La jeune femme devient esclave autant de Loup-Sans-Couronne que de l’amour qu’elle éprouve pour lui : il règne sur elle autant que sur les membres de leur peuple. Ainsi, Blanche-Biche devient l’écho de son partenaire et démontre qu’elle est prête « à sacrifier sa vie et son identité à la relation »86. Si leur couple a transcendé les obstacles qui empêchaient leur amour de voir le jour, Blanche-Biche et Loup-Sans- Couronne ont toutefois franchi une limite : celle de s’aimer au-delà de la raison. C’est la jeune femme qui en est le plus victime, car l’amour devient pour elle une perdition et une négation de soi.

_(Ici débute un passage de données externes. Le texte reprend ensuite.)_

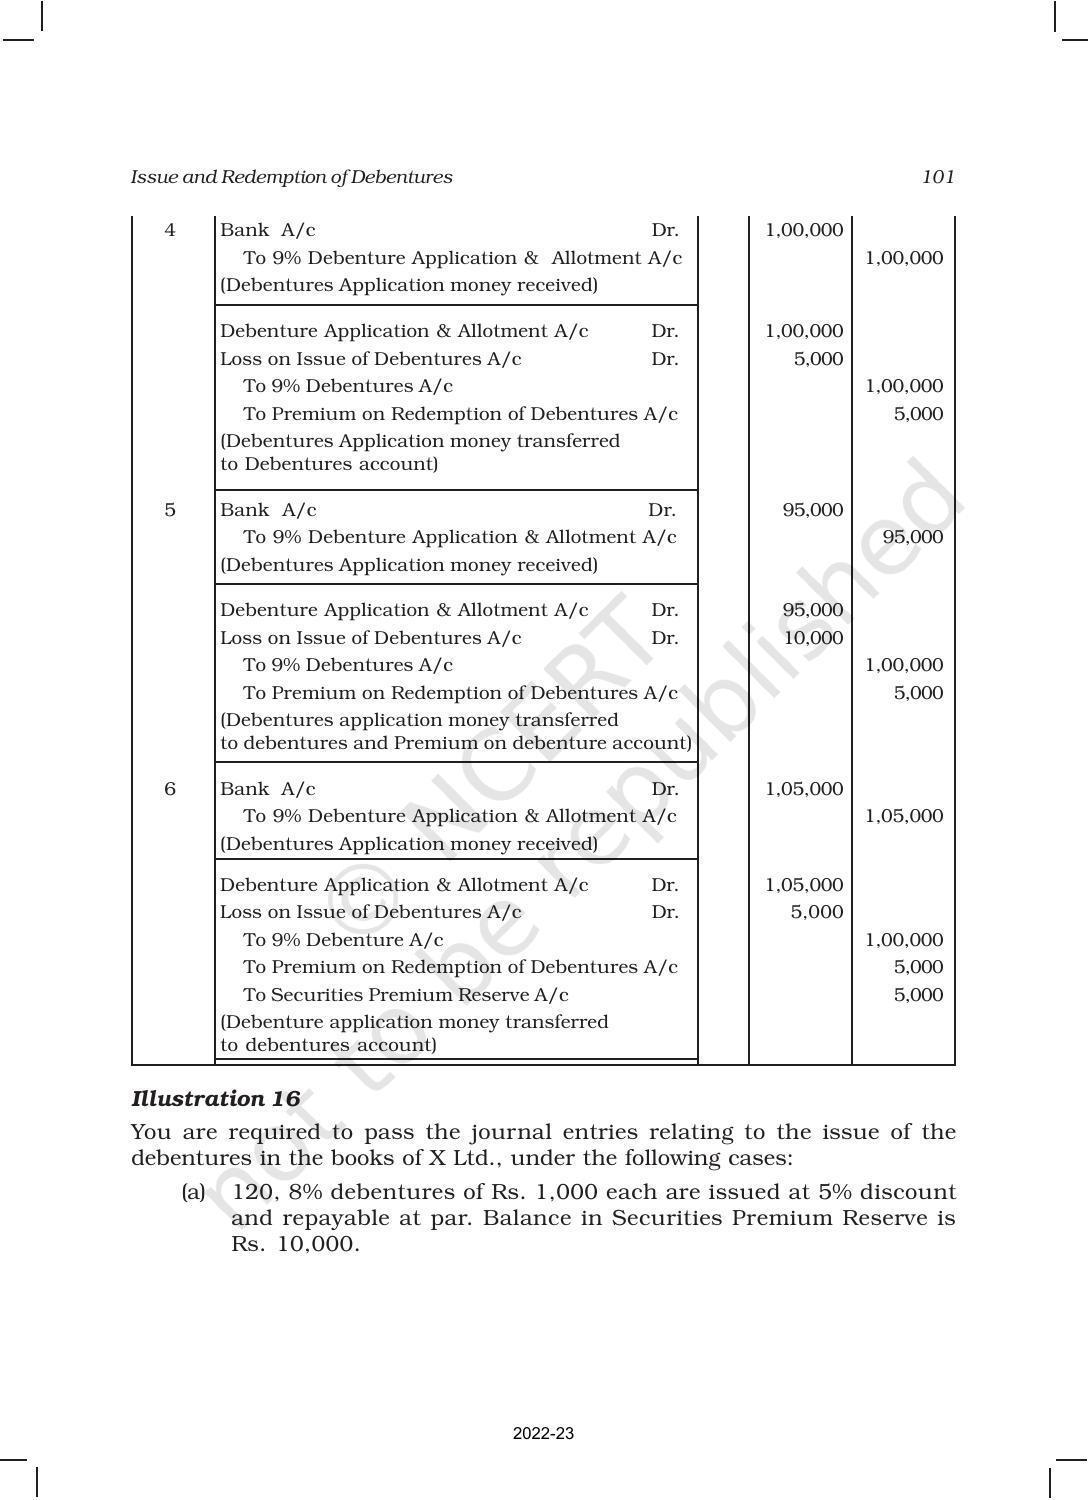 NCERT Book for Class 12 Accountancy Part II Chapter 1 Issue and Redemption of Debentures - Page 27
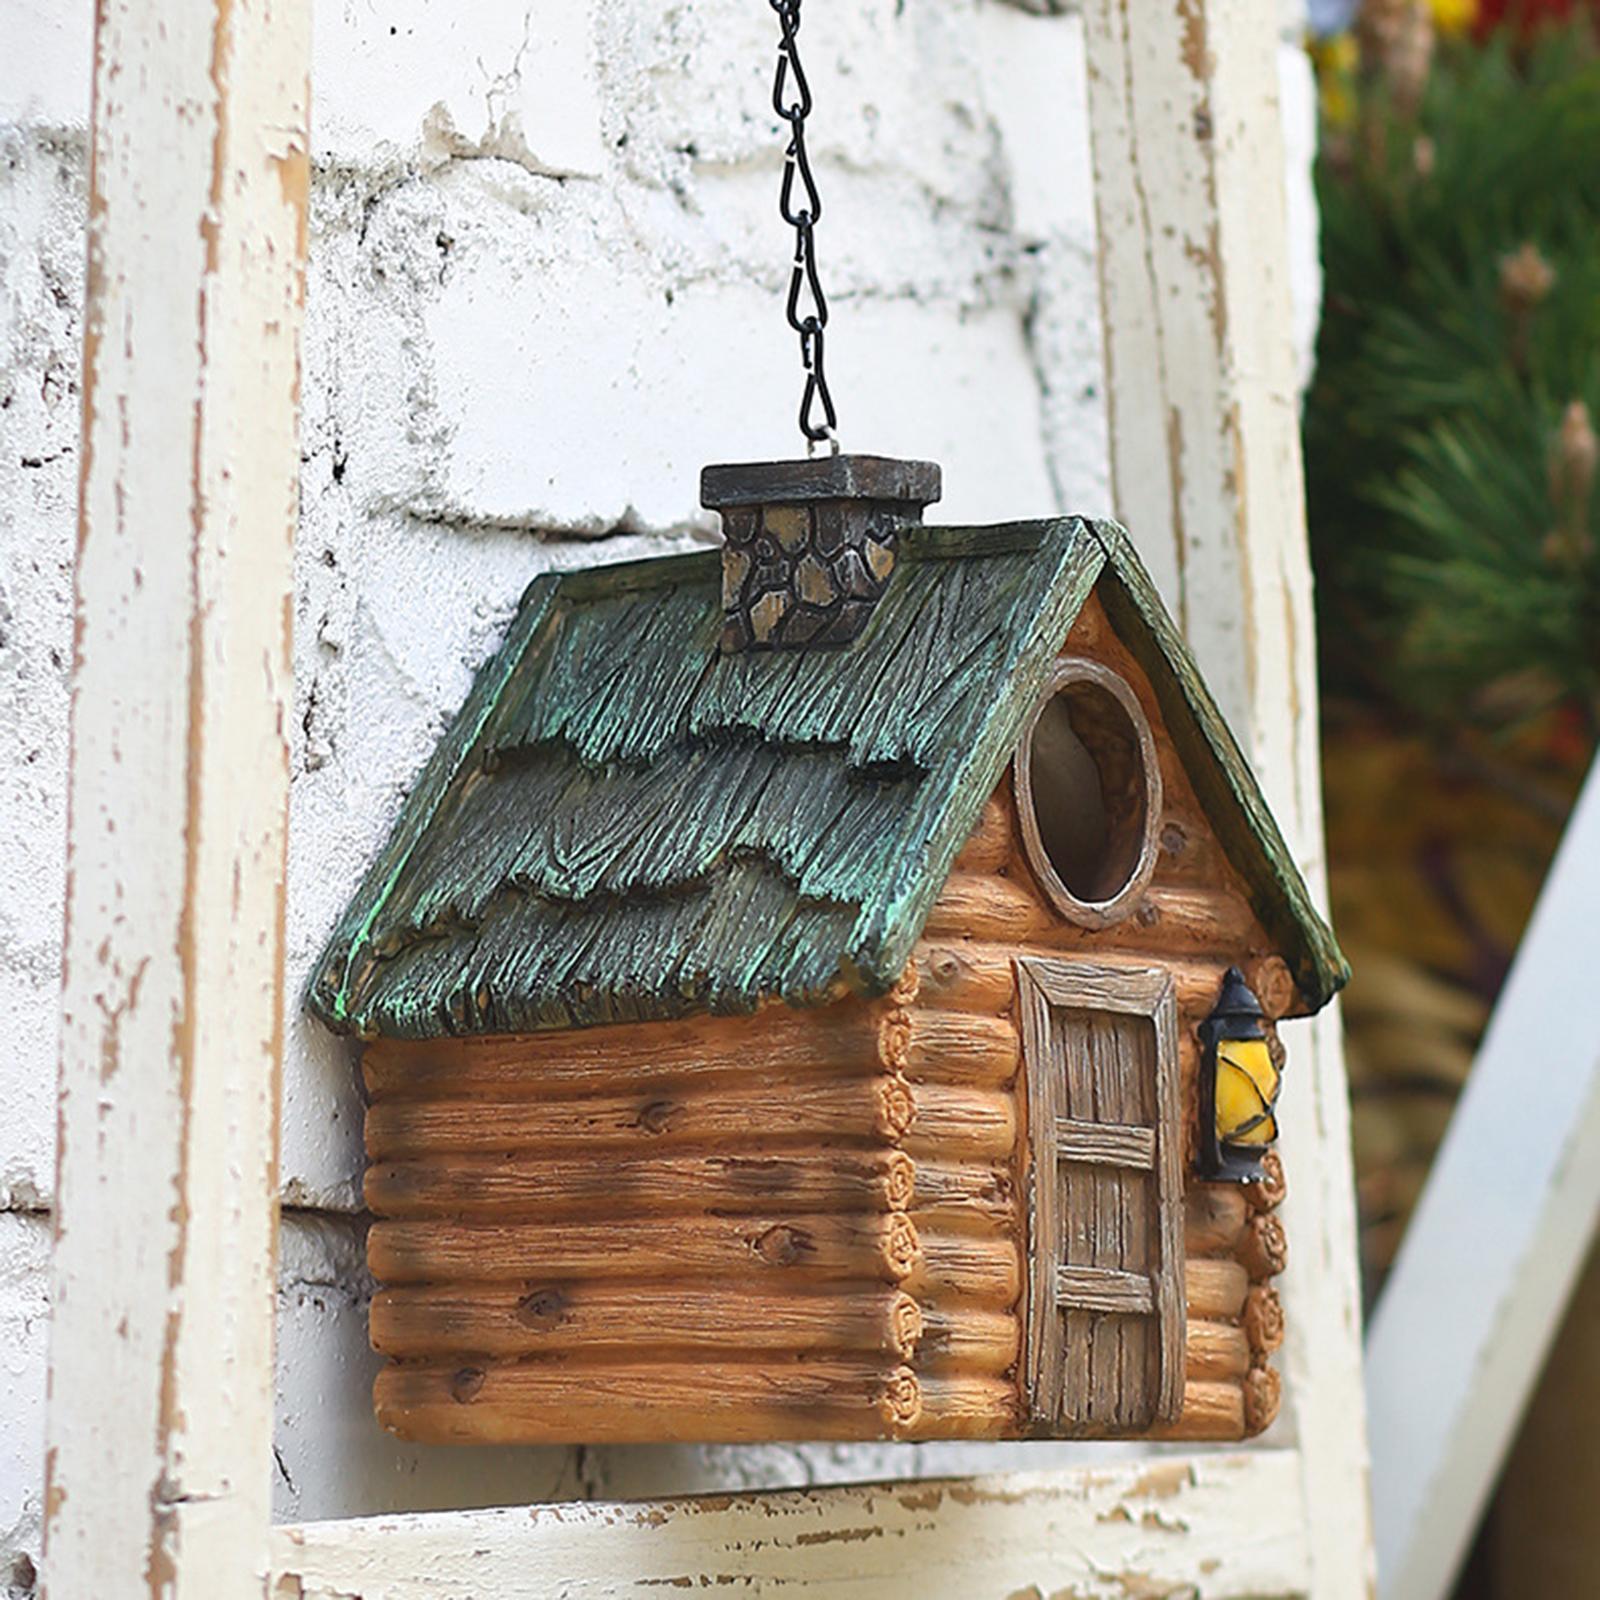 Birdhouses Shelter for Cardinal Bluebird Bird Cages for Outdoor Lawn Trees

Par les tribulations sentimentales de La Pie et Aigle Noir, le troisième angle proposé par Les Cœurs Fendus introduit le lecteur sensible aux romances complexes à une allégorie sentimentale. Cette lecture de mon roman ne décrit pas une utopie romanesque, mais bien une relation réaliste qui démontre les difficultés et les beautés de la vie de couple. Déchirés par des lois concrètes et des interdits tangibles punis de mort, les amants tentent de partager leur vie entre responsabilités et affection. Leur entêtement à outrepasser les édits de La Chienne mène le lecteur à travers un dédale amoureux tendu. Il est emporté par cet angle de lecture à la fois littéral et allusif, où se dessinent les tribulations amoureuses sous le couvert d’un soulèvement contre des édits injustes et des sacrifices dédiés à cette cause. Les tensions que vivent La Pie et Aigle Noir et qu’ils transmettent au lecteur par le récit sont celles d’un couple ordinaire évoluant au sein d’un contexte fantastique et allégorique.